Of all the technology we overlook in our daily lives, the silicon chip still reigns supreme. If we bother to think about them at all, we consider silicon chips to be an ingredient, like wheat in bread, for electronics technology that is completely native to our environment.

Which is partly why a visit to the Valtech Corp. earlier this year — just before the world shut down — was so eye-opening. Valtech, which began in 1989 as a specialty chemical manufacturer of adhesives, molded polymers and aqueous detergents for the electronics industry, today is one of the country’s leading manufacturers of the ingot slicing beam — a single-use fixturing tool for various semiconductor materials in preparation for the slicing, or wafering, process.

While the beams are relatively simple in shape, companies that manufacture silicon wafers use them to hold raw ingots of silicon or photovoltaic material as they are cut into thin wafers via slurry wire slicing, diamond wire slicing or ID saw slicing.

During the early aughts, Valtech, based in Pottstown, Pennsylvania, watched the ingot slicing beam side of its business slip away to foreign competition that continually undercut the company’s prices. Valtech had been molding its home-brewed slicing beams and sandblasting them to net shape — achieving mixed success at a significant cost, as only half of the product passed the company’s own QC processes.

Up against the wall when the Great Recession hit, one day a few of the company’s engineers began spit-balling an idea: Rather than molding and sandblasting, what if they over-mold the beams and machine them to net shape?

Ten years later, Valtech has a robust, lean CNC machining operation that the company has fine-tuned through a mix of continuous improvement and creative ingenuity. Beginning from the ground floor of CNC machining, Valtech has resourcefully outfitted its production facility with massive, older model machining centers — four Haas CAT40 HS2s and a CAT50 Kitamura HMC — that it uses to dry-machine up to 48 parts on a single tombstone with precise accuracy.

Every aspect of Valtech’s machining operations — from its extensive library of custom tools, to dust collection, to work planning, to creative solutions for ongoing maintenance — has helped the company reach automation-level production volume with used machine tools and a lean, nimble staff.

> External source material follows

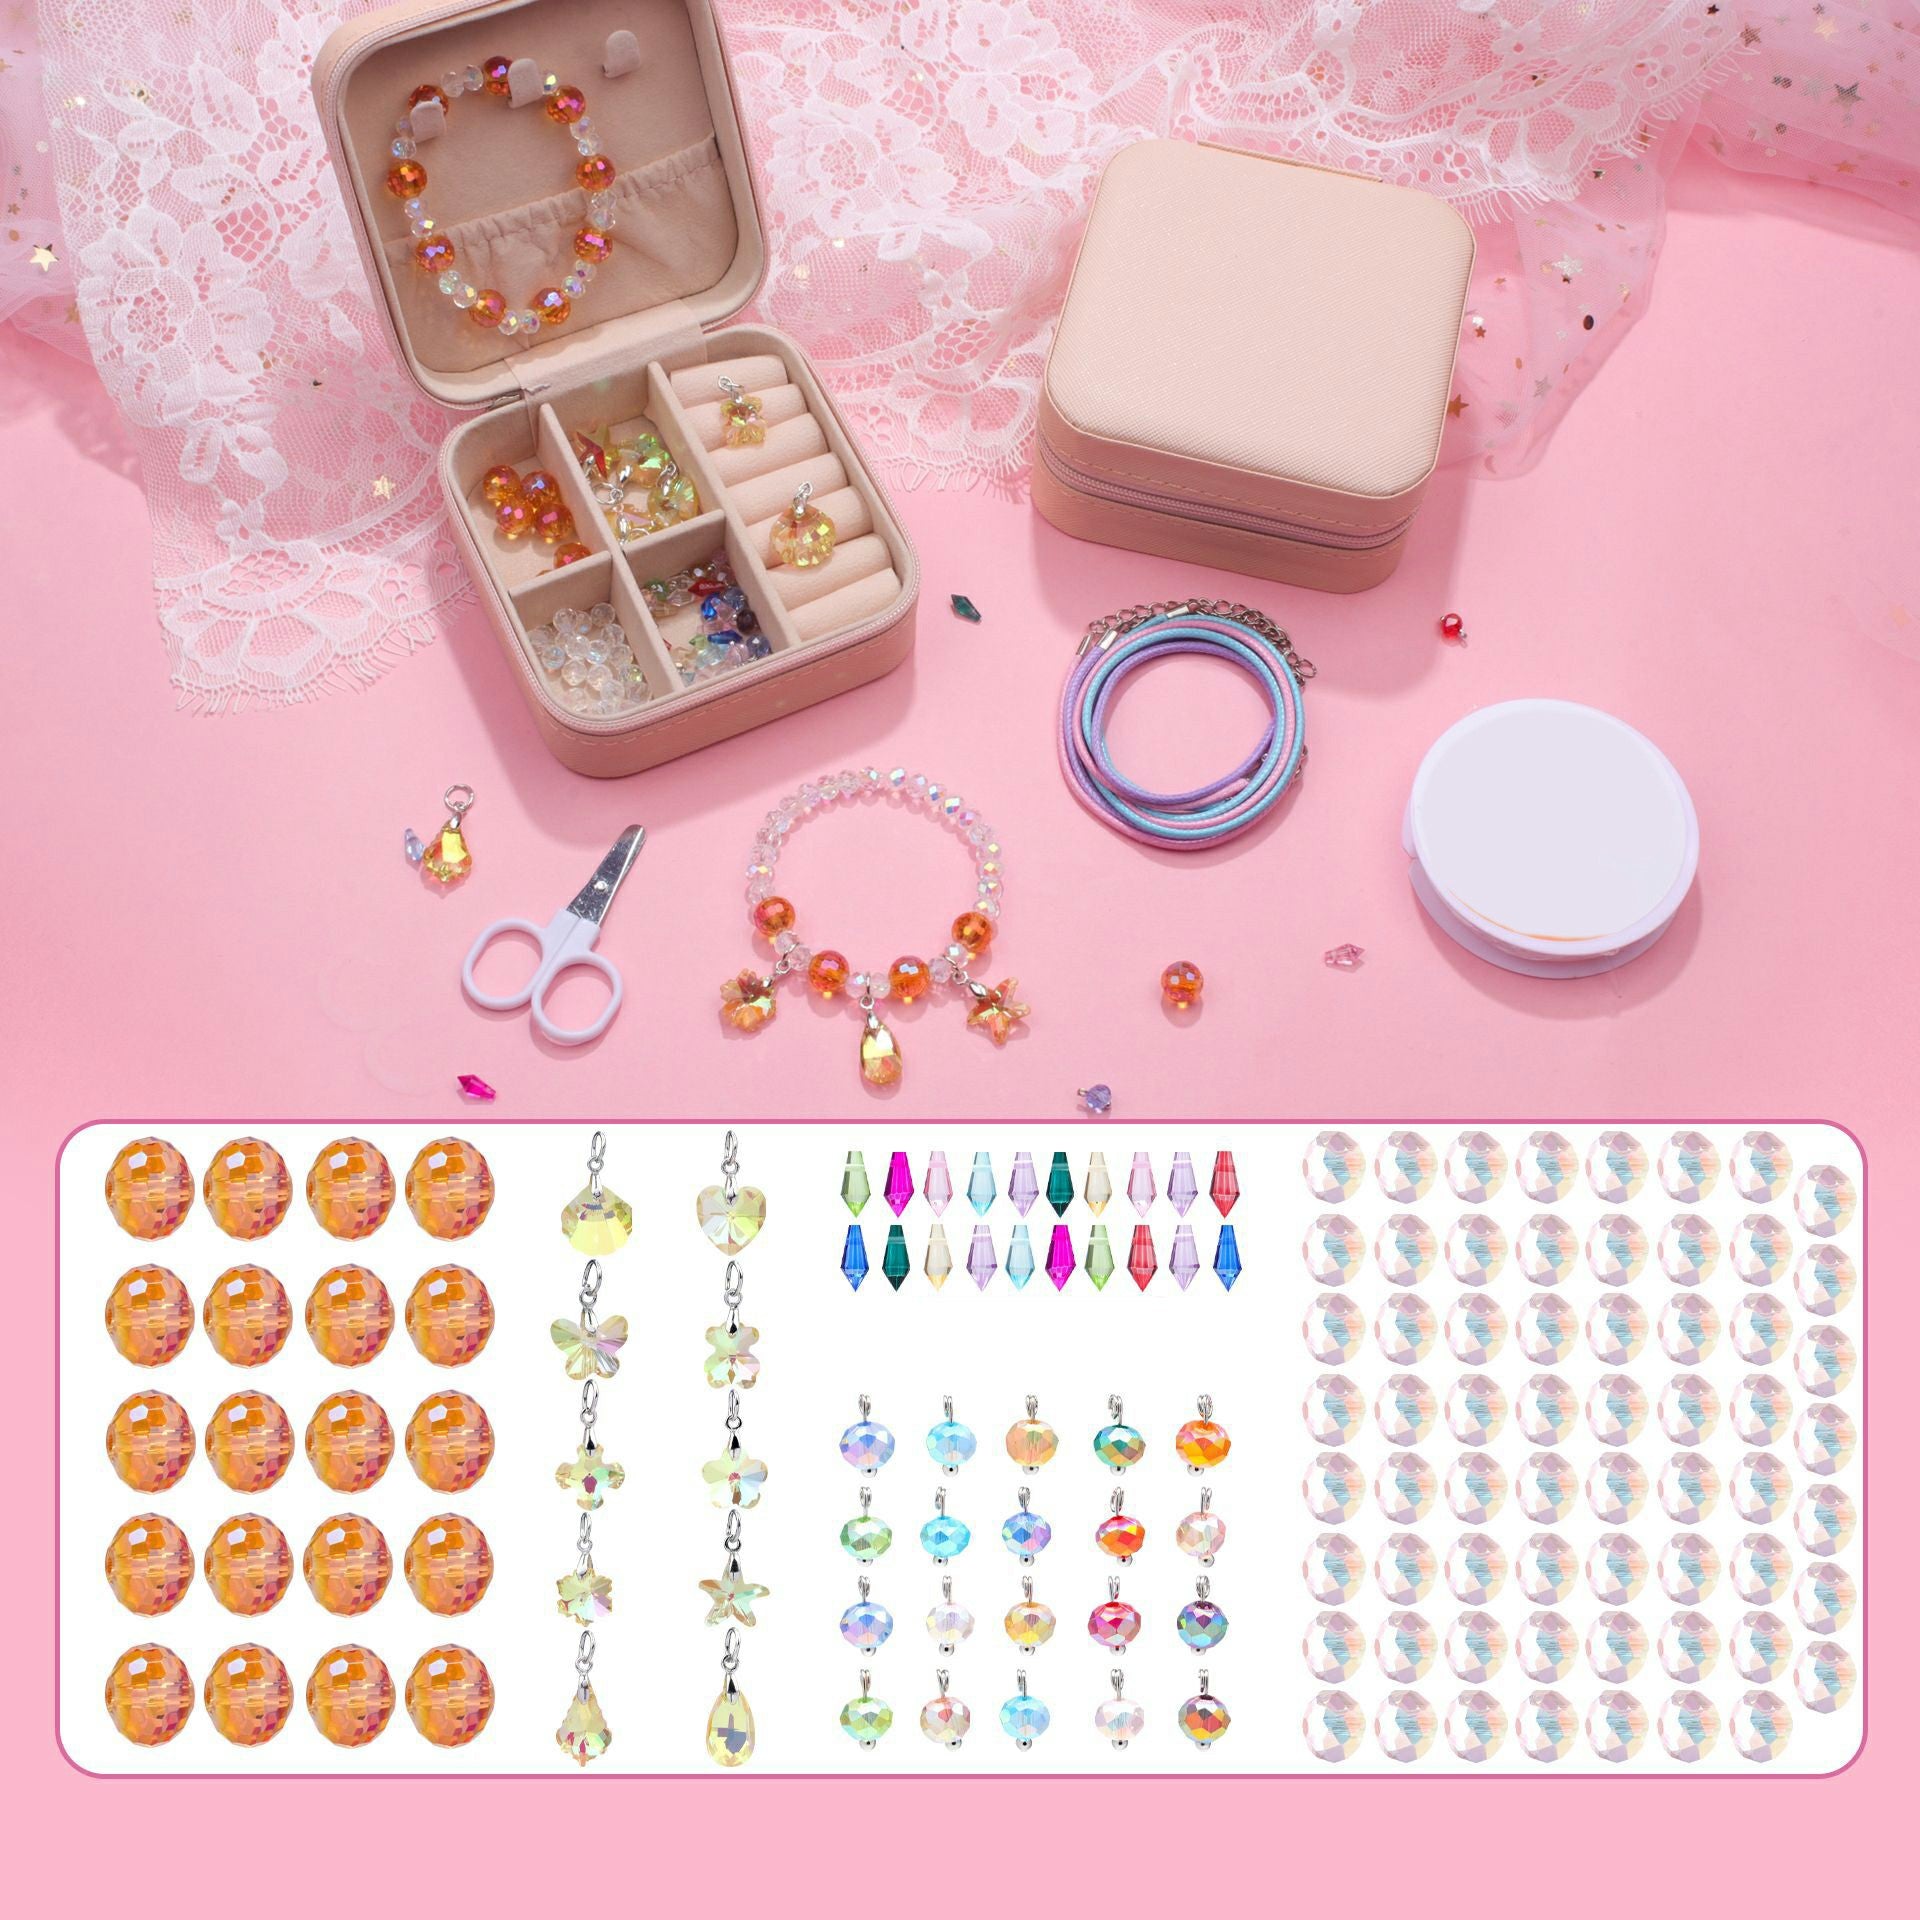 140Pcs / Set Kids Girls DIY Jewellery Craft Bracelet Making Supplies Kit with Gift Box - Orange

Its product may be a niche, but the lessons that Valtech has learned while ramping up machining operations are universal.

The Design Is a Freak

The first two things to know about Valtech’s ingot slicing beams is that they are composed of the company’s proprietary catalyzed epoxy along with functional additives that kick up a lot of dust during machining, and that flatness is critical for finished parts. Valtech CEO Bob Girard says that the company’s transition from molding to net shape to machining was driven by yield requirements — requirements that molding and sandblasting lacked the precision to achieve. Mark Shumaker, now Valtech’s global plant engineer, initially joined the company to help expedite the epoxy mixing process and speed up overall production. But after experimenting with a Sharp vertical knee mill to prove out a machining process, Mr. Shumaker, Mr. Girard and others at the company became convinced that CNC machining was going to be the solution.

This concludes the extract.